▶ **GIVEN MATERIAL**:
- Opening Delimiter -
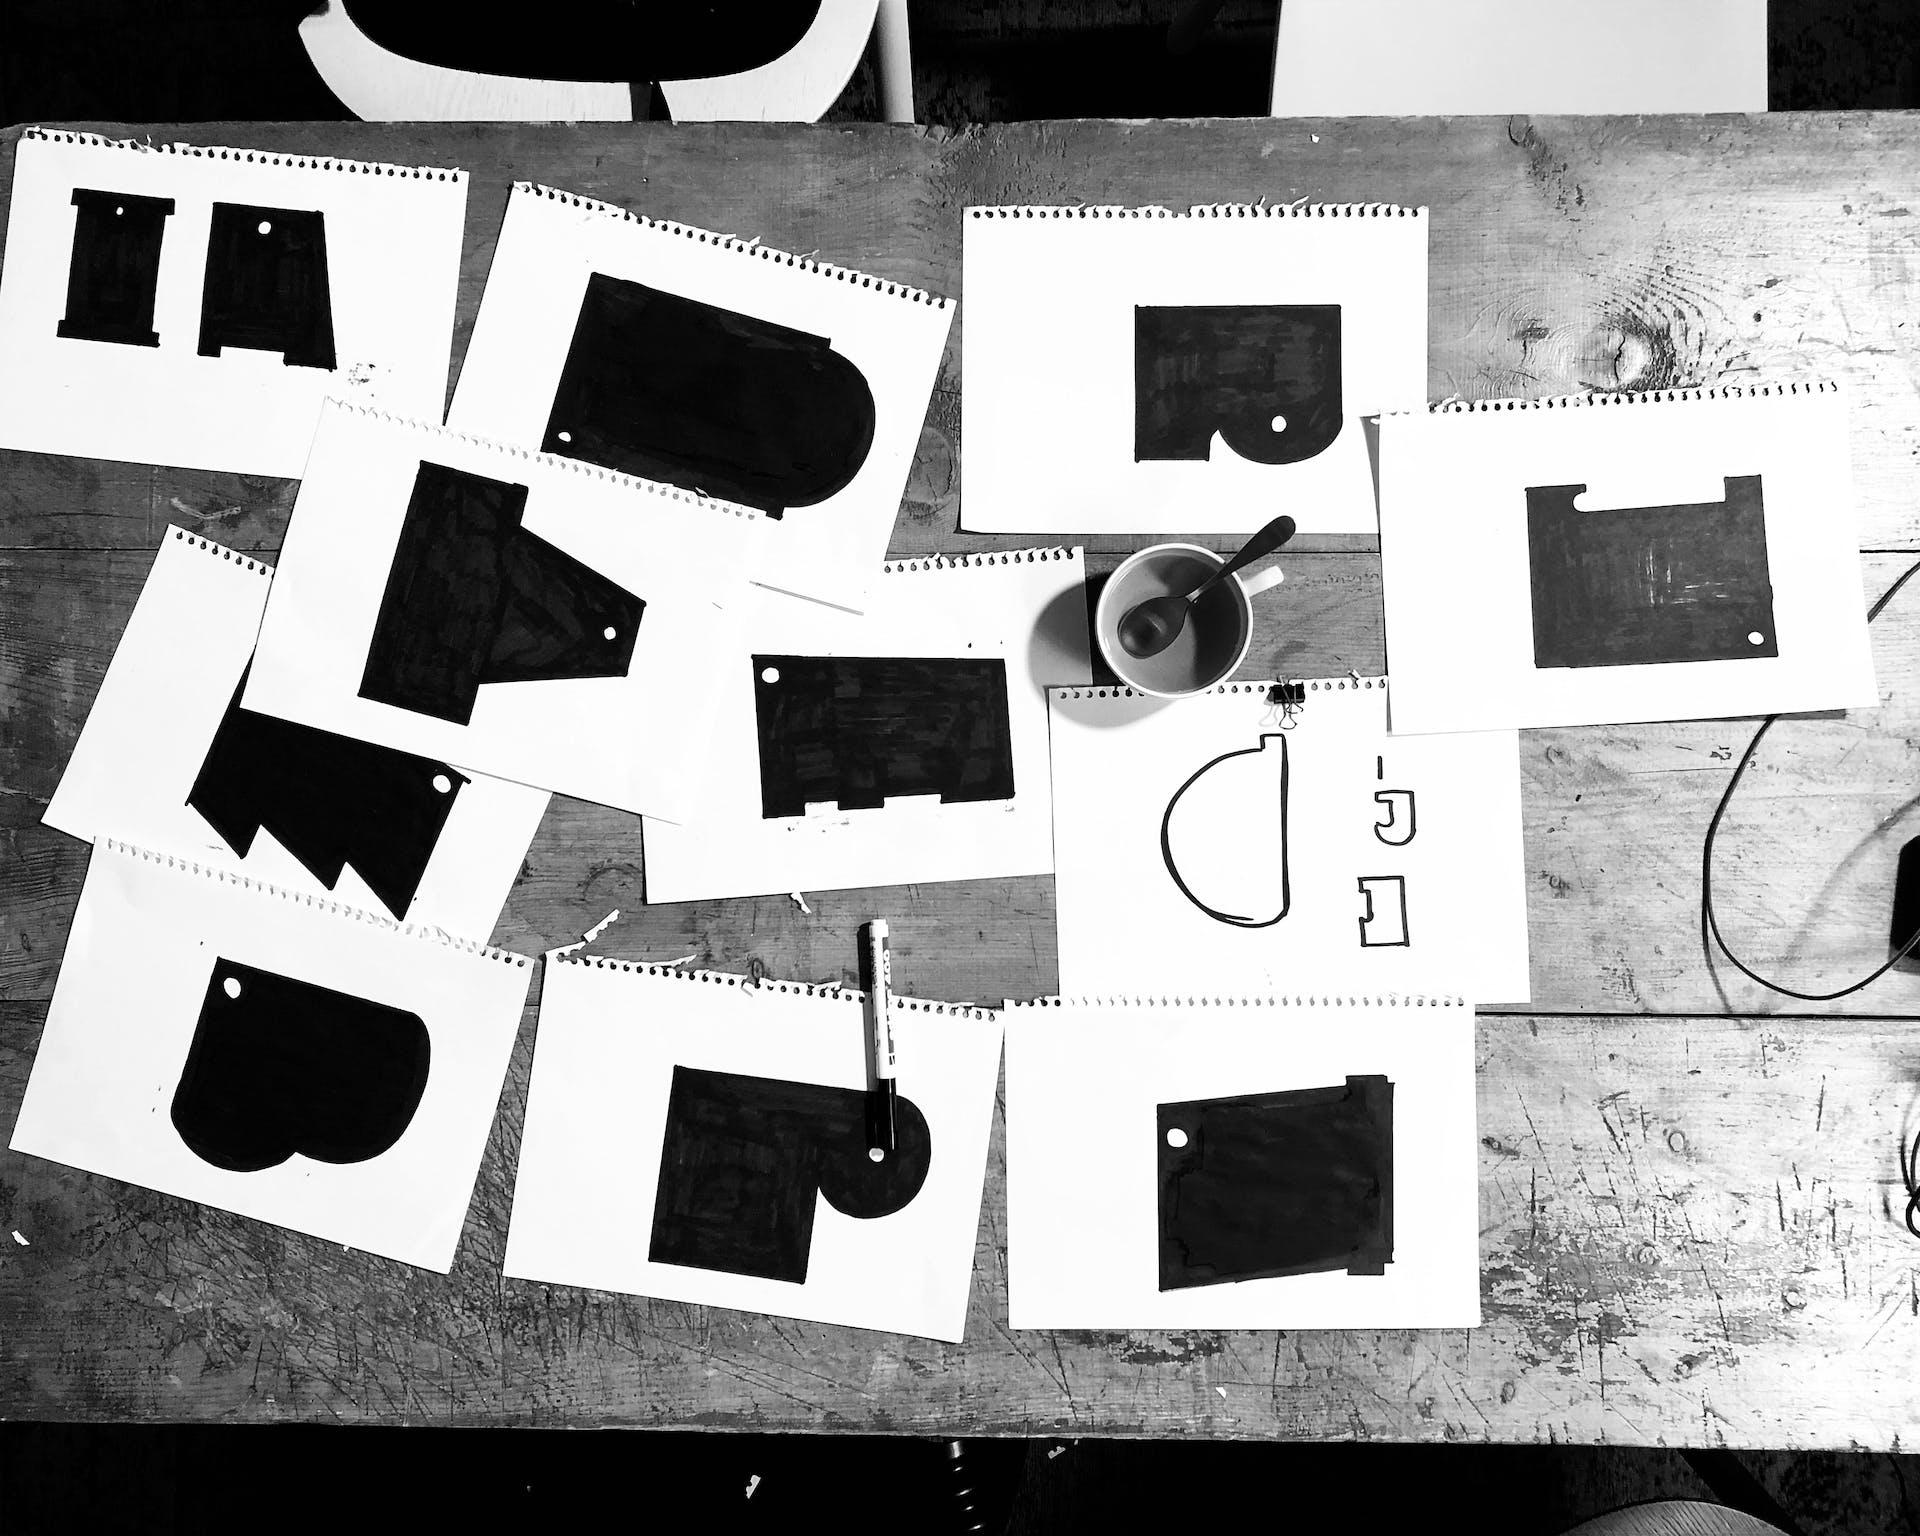 Studio Fabio Biesel
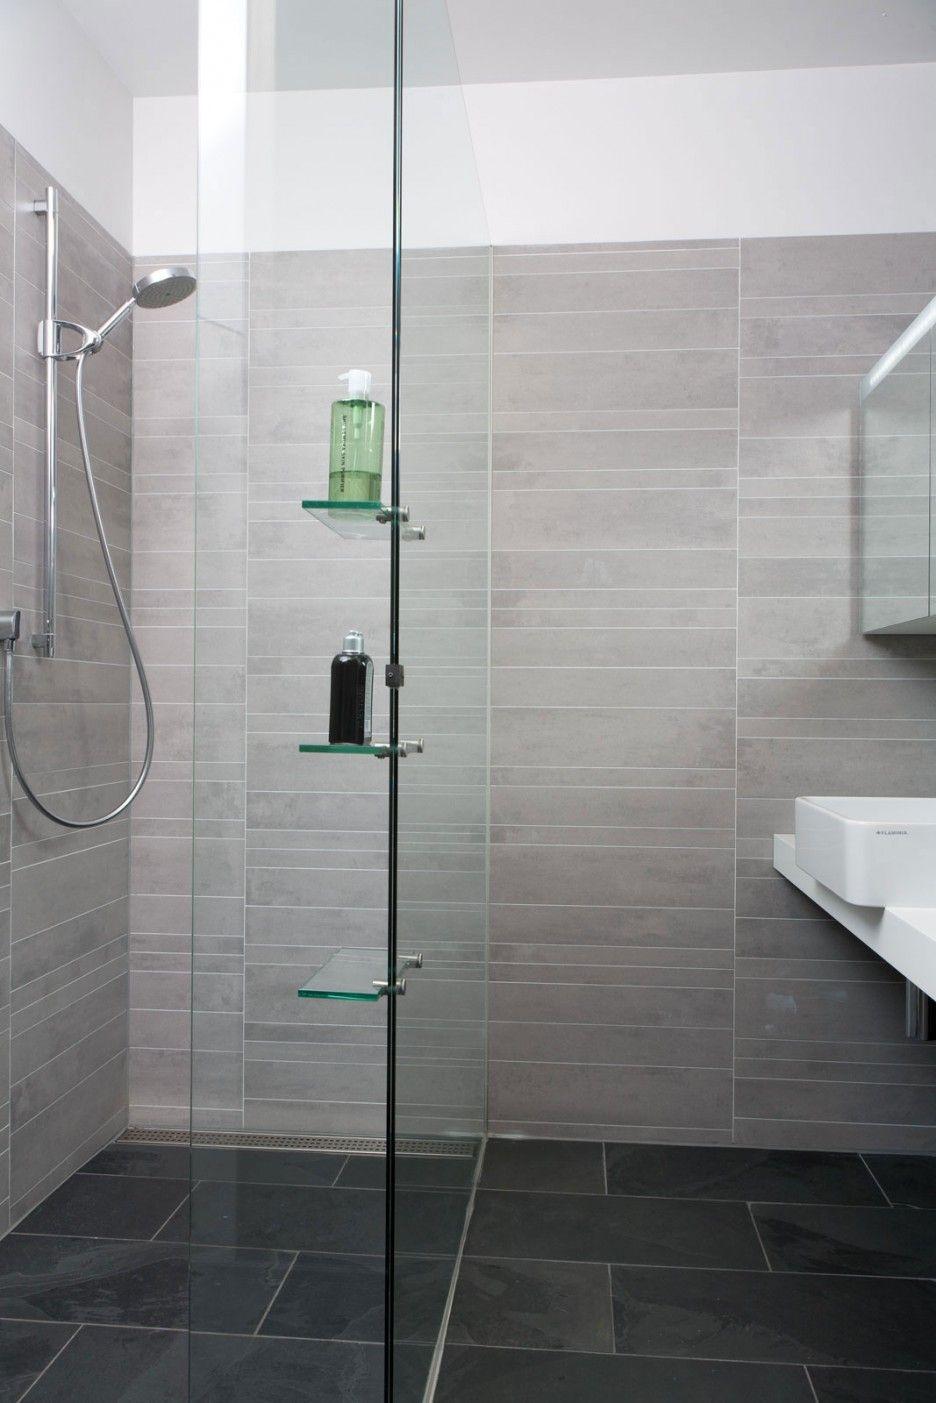 appealing modern bathroom tile designs   Admirable Modern Apartment Design: River Ij Apartment ...
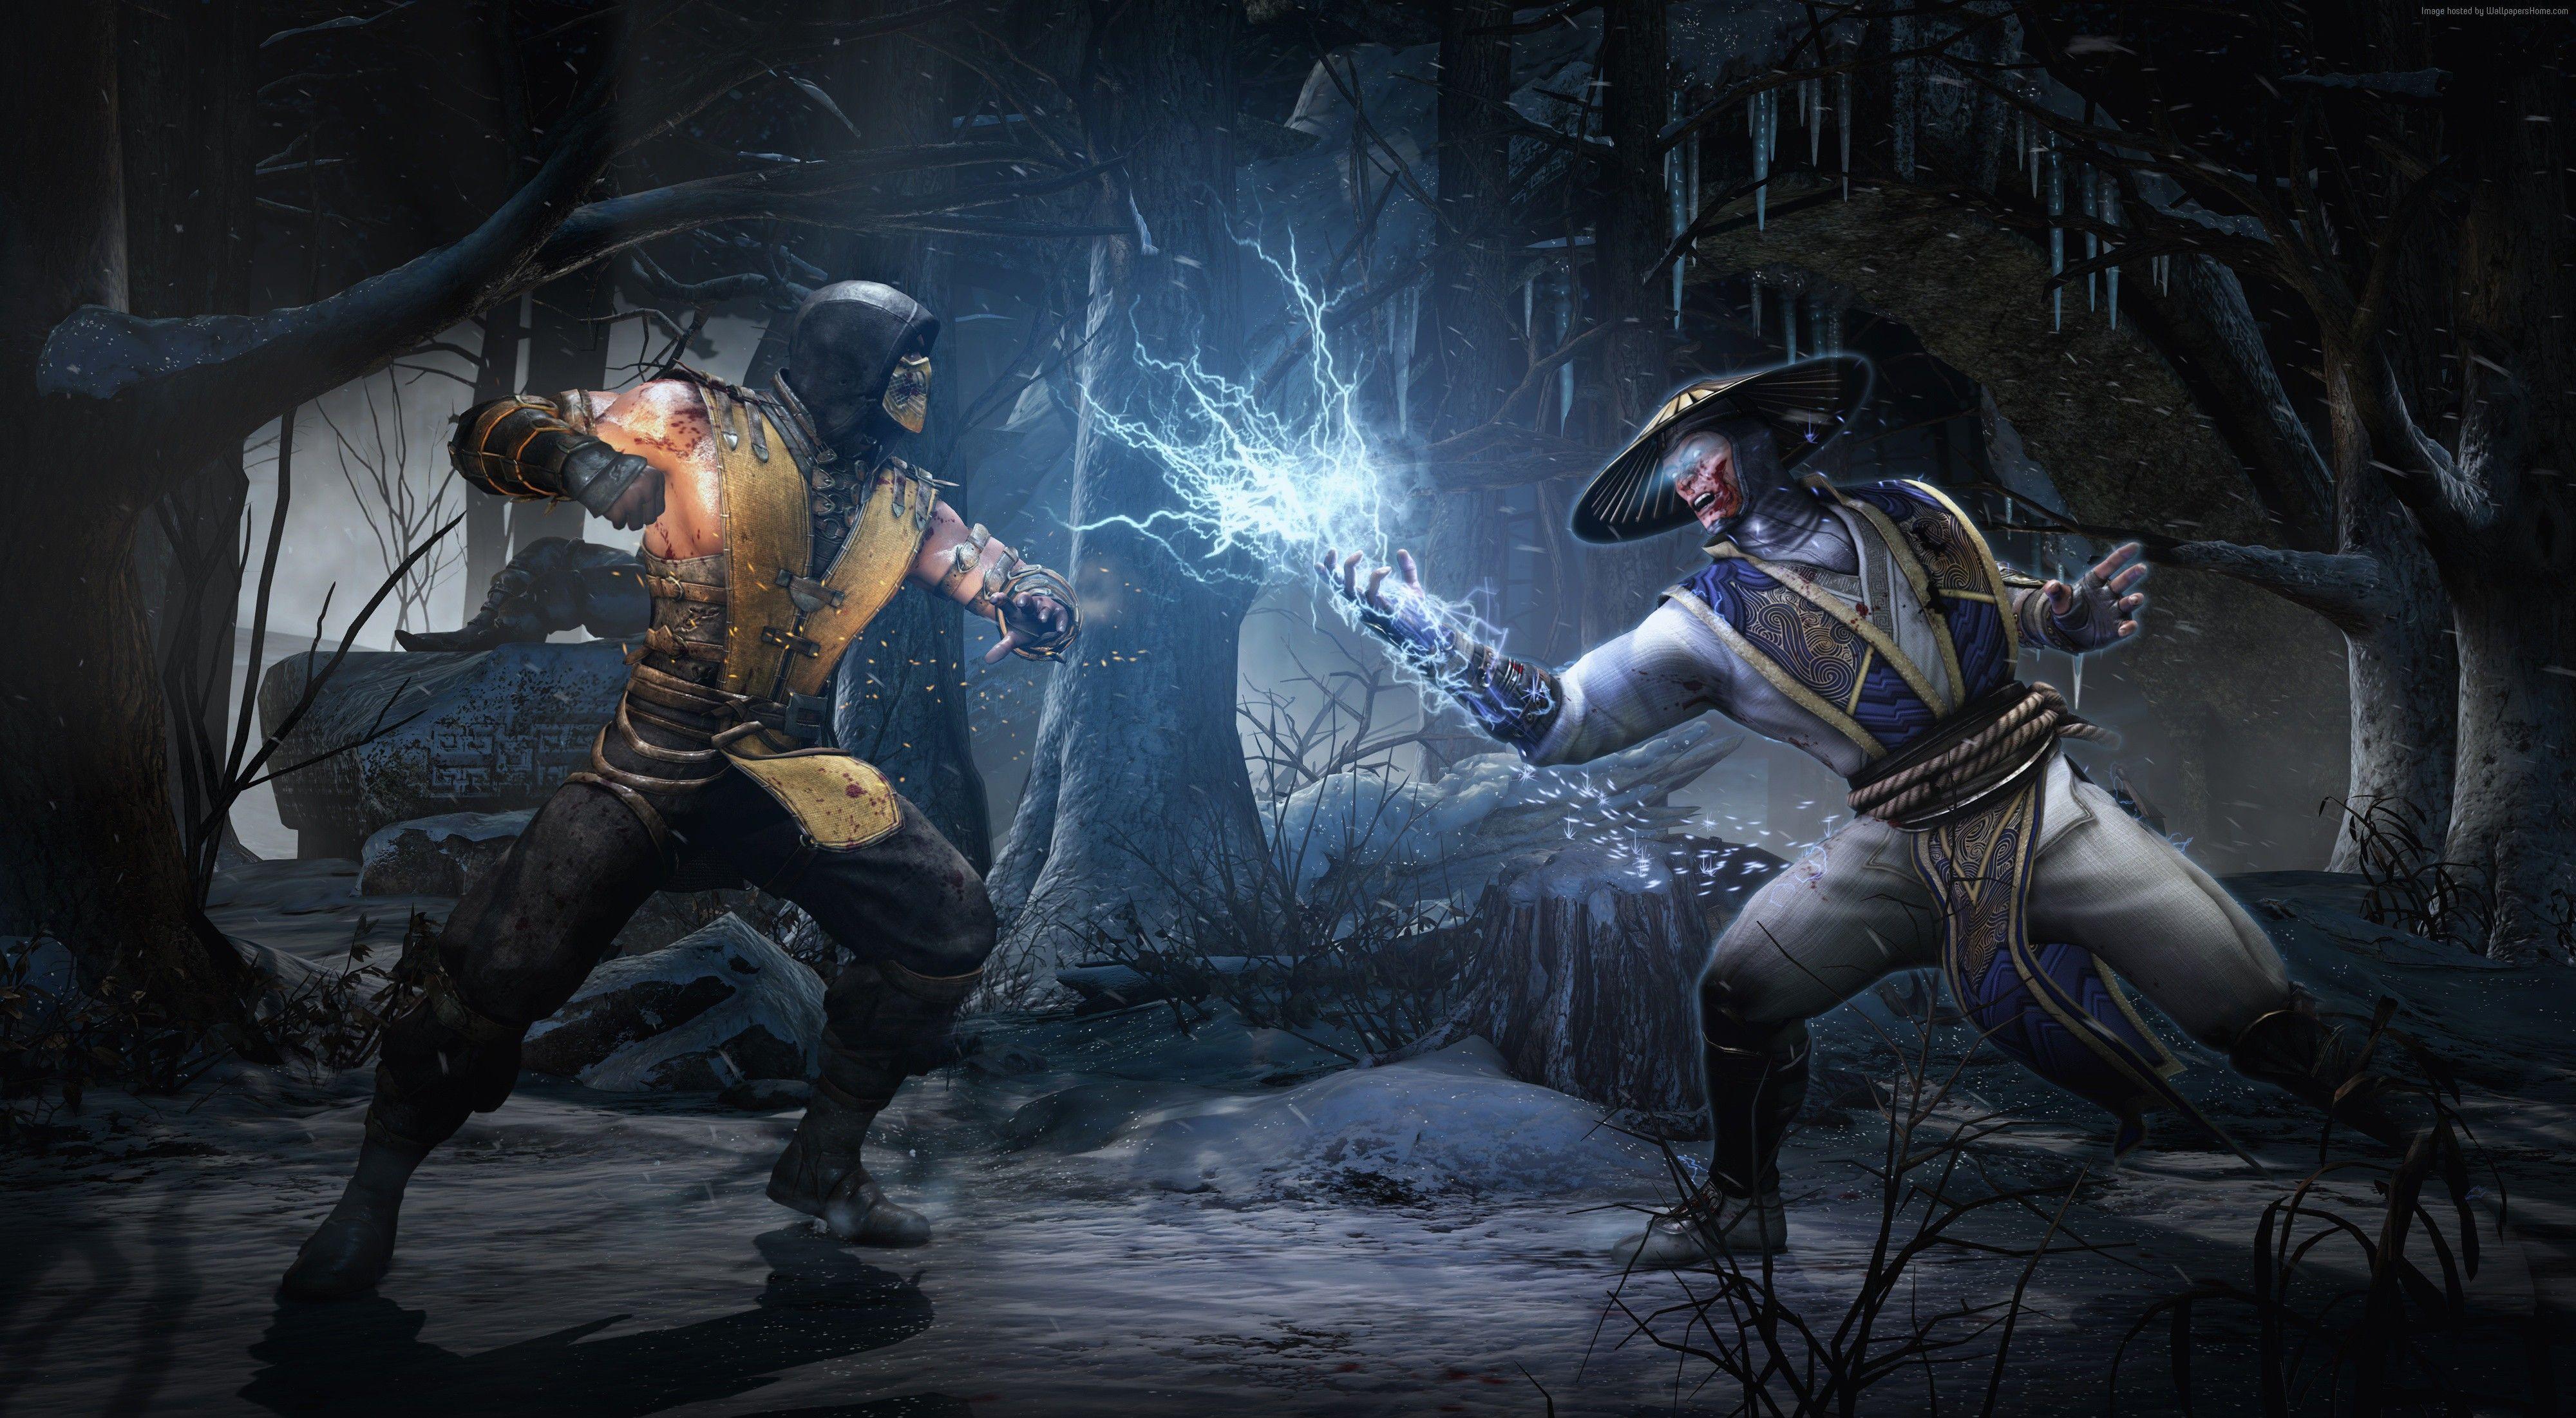 Mortal Kombat X Wallpaper, Games \/ Others: Mortal Kombat X
- Closing Delimiter -
Which lines run from the one containing "appealing modern bathroom" to the end of the data above? Set down those lines exactly, and only those, without any pictures.

 appealing modern bathroom tile designs   Admirable Modern Apartment Design: River Ij Apartment ...
 Mortal Kombat X Wallpaper, Games \/ Others: Mortal Kombat X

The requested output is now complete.